Je lui dis que ses rêves se réaliserons sans doute parce que, vu son caractère bien affirmé, elle ne laissera sans doute personne se mettre en travers de son chemin. Il m’est difficile de lui raconter le futur et de lui dire que sa mère va se rétablir et vivre encore jusqu’en 1836. Qu’elle aura trois enfants (ou cinq, selon quelques généalogistes, mais personnellement, je n’ai pas réussi à prouver leurs liens de parenté…). Hélas, elle perdra une petite fille, âgée de trois mois seulement. Elle et François feront fructifier leurs terres : de la mère de Jeanne ils hériterons de 160 livres, mais lègueront à leurs propres enfants, 20 plus tard, 850 livres. Après le décès de François en 1859, c’est Jeanne qui tiendra les rênes de la borderie du Tail; le recenseur l’inscrivant même comme « chef de ménage ». J’aurais bien aimé lui demander où et quand elle va mourir à son tour, car je pers sa trace après le mariage d’un de ses fils en 1866, mais elle ne le sait pas elle-même : inutile de lui poser la question.

En tout cas, oui, à coup sûr Jeanne ne se laissera pas marcher sur les pieds et elle existera pour de bon cette fois !
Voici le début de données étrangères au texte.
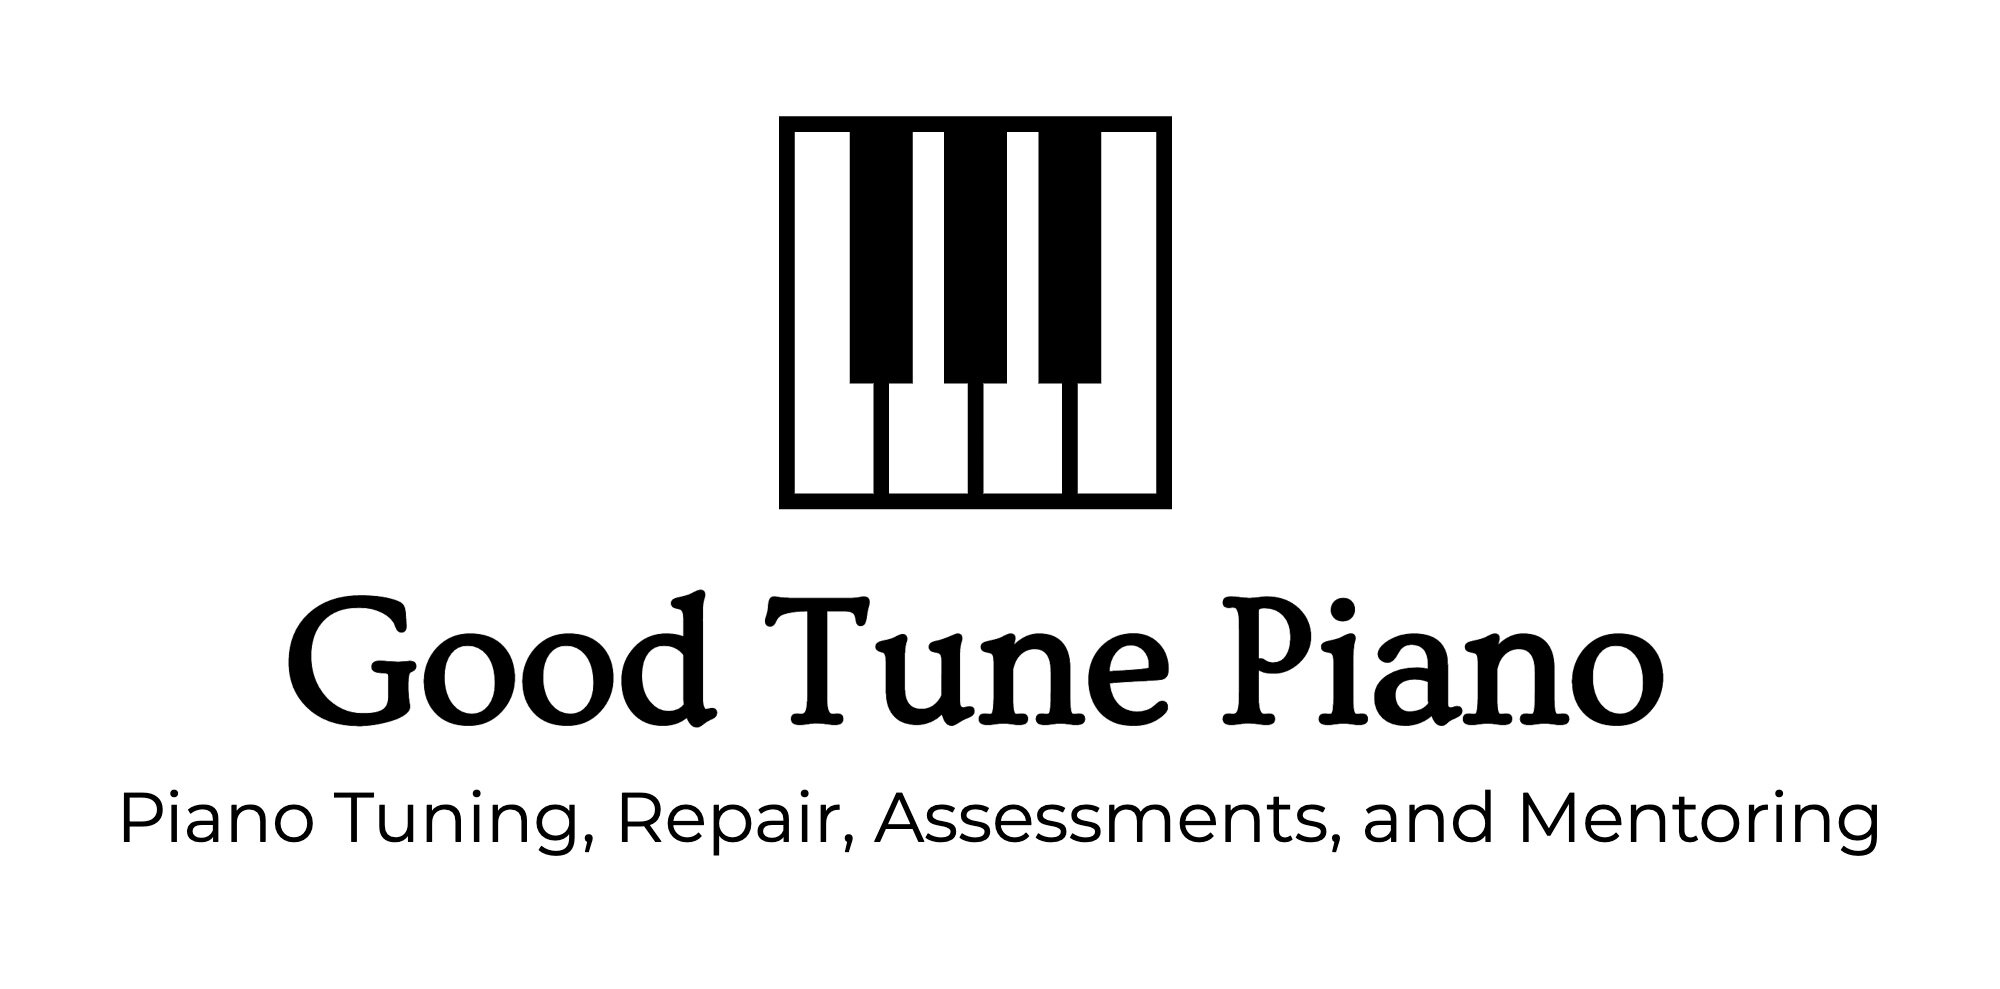 Good Tune Piano

[*] Il s’agit sans doute des suites des guerres dites « de Vendée », qui ont ravagé la région à l’époque post-révolutionnaire (au moment de la levée en masse, en 1793, la révolte ou rébellion vendéenne, s'est déclenchée, dans un premier temps comme une jacquerie paysanne classique, avant de prendre la forme d'un mouvement contre-révolutionnaire). Elles se sont étendues aux Deux-Sèvres ; Saint-Aubin-de-Baubigné se trouvant à dizaine de kilomètres de la « frontière » vendéenne. Beaucoup de registres de cette époque sont lacunaires ou totalement manquants. Quelques actes ont été reconstitués plusieurs années plus tard ; comme c’est le cas pour Jeanne ici.